In conclusion, the current meta-analysis suggested that both LC-LCBDE and LC-EST were highly effective in detecting and removing CBD stones and were equivalent in complications. However, the conversion rate was higher and operative time was less for LC-LCBDE. More large-scale, well-designed RCTs are needed to confirm our findings.
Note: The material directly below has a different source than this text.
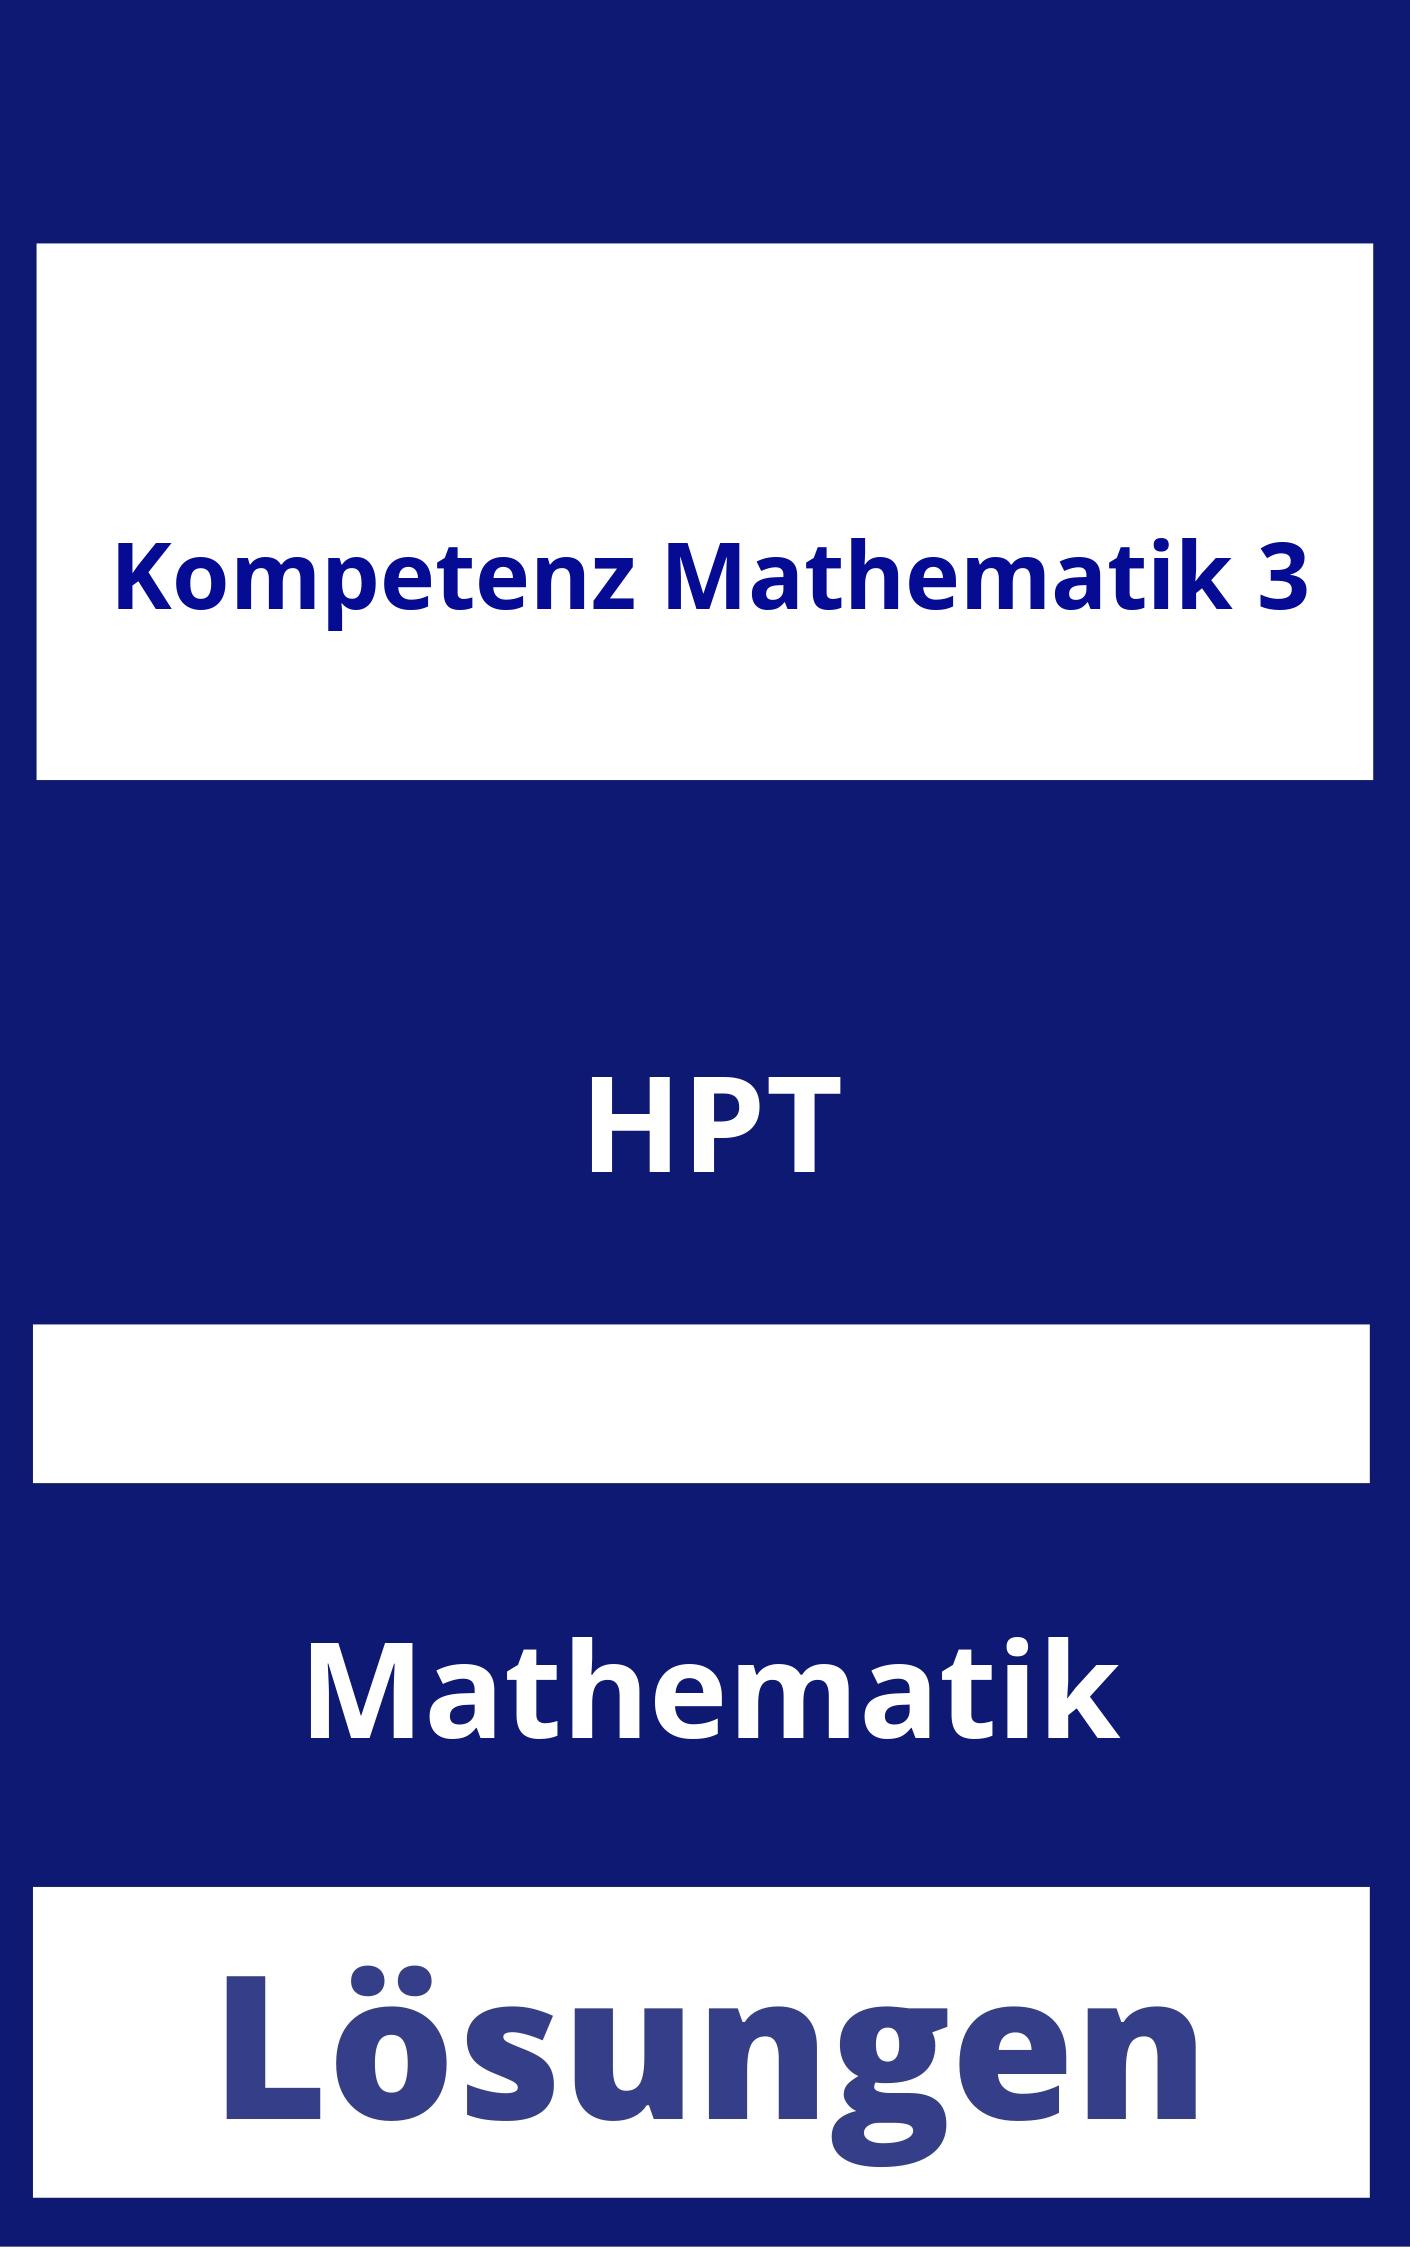 Kompetenz Mathematik 3 Lösungen PDF

In the future studies, the effects and safety of LCBDE in patients with high-risk should be given more attention.
Footnotes
Abbreviations: CBD = common bile duct, CIs = confidence intervals, ERCP = endoscopic retrograde cholangiopancreatography, EST = endoscopic sphincterotomy, GRADE = Grading of Recommendations Assessment, Development and Evaluation, LC = laparoscopic cholecystectomy, LCBDE = laparoscopic common bile duct stones exploration, LC-LCBDE = LC combined with laparoscopic CBD exploration, RCTs = randomized controlled trials, RRs = risk ratios, WMD = weight mean difference, WMDs = weighted mean differences.
The authors have no conflicts of interest to disclose.